I'm replying to this post to get some follow up on the status of work done in bcbio regarding CWL. We currently have (almost) have bcbio up and running in our genetics context and are already looking to the future. We'd like to migrate from a regular cluster to a mesos cluster running bcbio in docker as part of bigger workflow.

Thanks M

chapmanb commented 8 years ago

Thanks for following up. We're still actively working on CWL and following the path outlined in my last post. We are actively working on getting bcbio running with Toil, which supports CWL and has mesos integration:

http://toil.readthedocs.io/en/latest/

I have not personally worked with a Mesos cluster so don't have practical experience to share but the workflow of using bcbio CWL with Toil on it should hopefully support the type of system you're building out. Hope this helps.

schelhorn commented 7 years ago

So, as a late update on this topic: we have re-implemented the relevant bcbio workflows on a commercial GxP-compliant, validated (CSV) sequence analysis platform that sits on top of iRODS and provides role-based access, SDTM export, chain-of-custody, audit logs and provenance tracking. I am happy to provide more info on personal contact.

mjafin commented 7 years ago

Nice work

chapmanb commented 7 years ago

Sven-Eric -- wow, congrats that is great news. I'd definitely love to hear more details if you're able to share either publicly or via e-mail. Out of curiousity, how much of bcbio were you able to re-use? Did you have to re-implement entirely or are you able to use bcbio within your chosen platform? As you know one of our current goals is to make bcbio more portable to multiple platforms, so it would be useful to hear your practical experience with doing that right now. Thanks much for sharing and congrats again on all the hard work that must have gone into putting this together.

ohofmann commented 7 years ago

Curious as well. Happy to take this to email or a video chat. Auditing will start for as in Q1/Q2 2017.
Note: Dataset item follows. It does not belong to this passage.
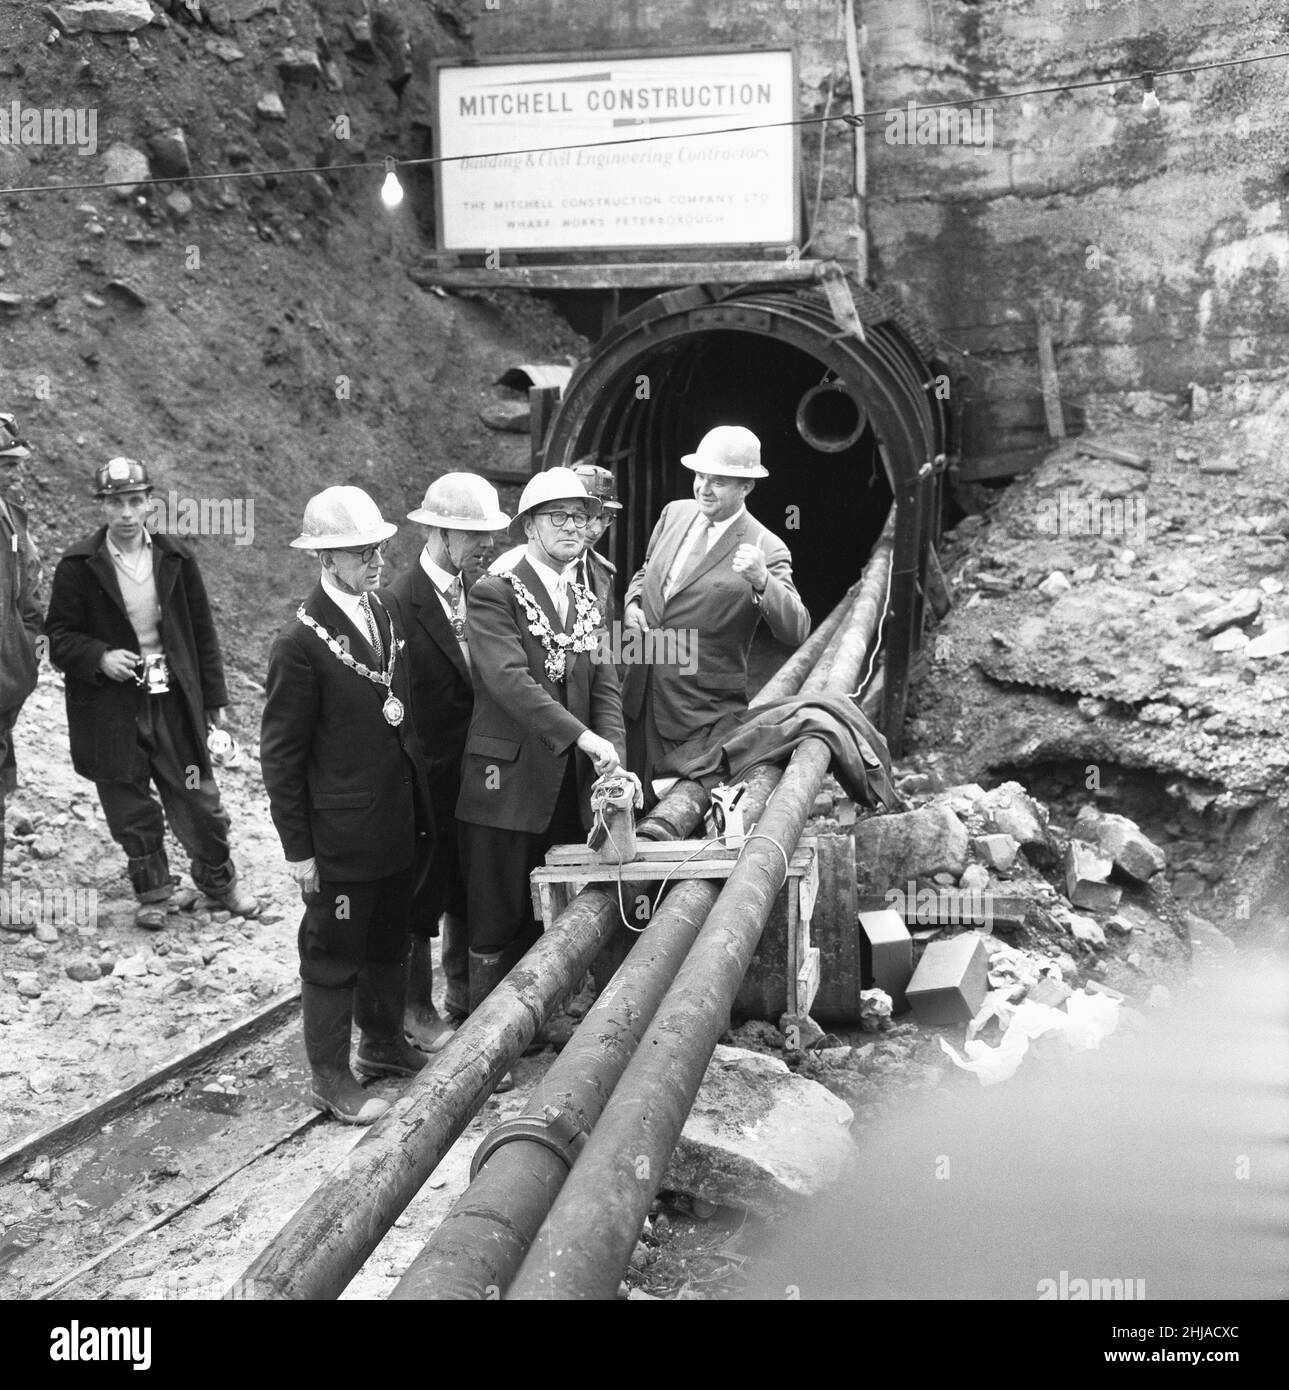 Cutting through 1,140 foot high Manshead Hill was completed when the Mayor of Wakefield, Alderman Nathan Hutchinson J.P. fired the two final charges to complete the tunnel. 24 men have worked day and night cutting the tunnel, 8000 feet long, often waist deep in water, The conditions have been most difficult, but the men cheered as they were congratulated by the Mayor. The bogy which took him 4,000 feet into the tunnel came off the track on the return journey, so Mr Hutchinson had to splash through the water which flowed through the tunnel. The tunnel will ensure adequate water supplies to peop Stock Photo
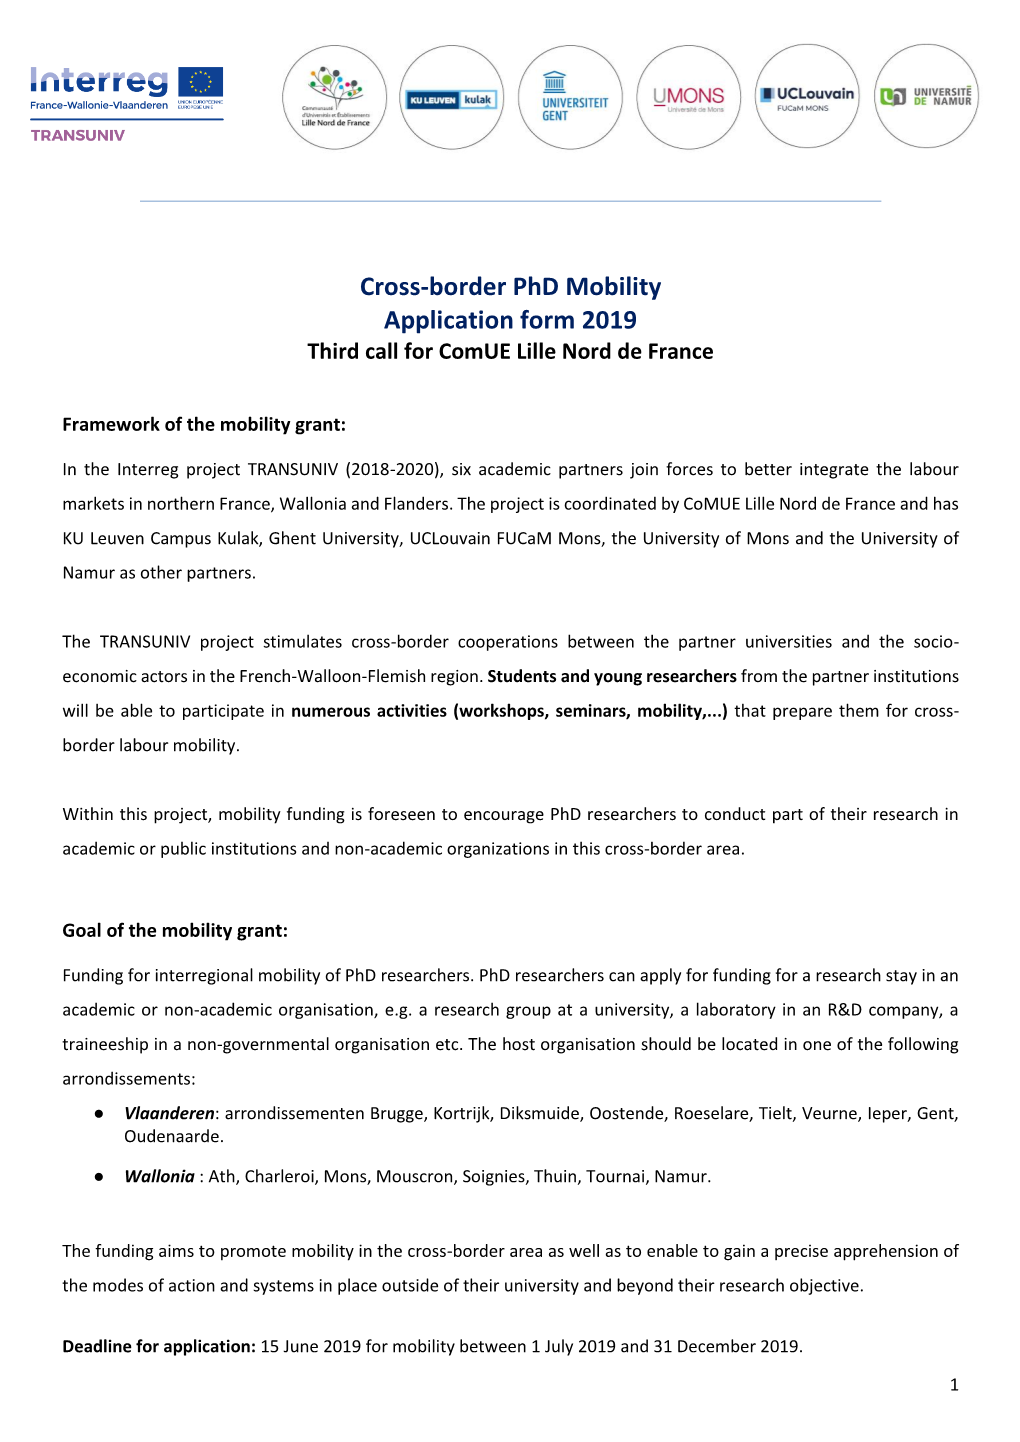 Cross-Border Phd Mobility Application Form 2019 Third Call for Comue Lille Nord De France

matthdsm commented 7 years ago

Hi @schelhorn

Very happy to hear that, we'd be very interested to hear more about your experiences, as we're trying to accomplish the exact same thing! How do you prefer we contact you?

M

schelhorn commented 7 years ago

Sure, I'd be happy to share our architecture and learnings in an academic/precompetitive setting. I'd suggest that whoever is interested in such a TC may contact me on LinkedIn and there send me an email address and time zone. I'll try to find a slot end of January/beginning of February and we can do a Skype call (preferred) or Hangout/Webex then.

matthdsm commented 7 years ago

Hi @schelhorn

Since I don't have a premium account, I'm not able to send you any "InMail". I did however send you an invite to connect. We're very interested to have a talk with you. You can find all contact info on my GitHub profile.

Thanks, M

schelhorn commented 7 years ago

Sure, feel free to send me a contact request.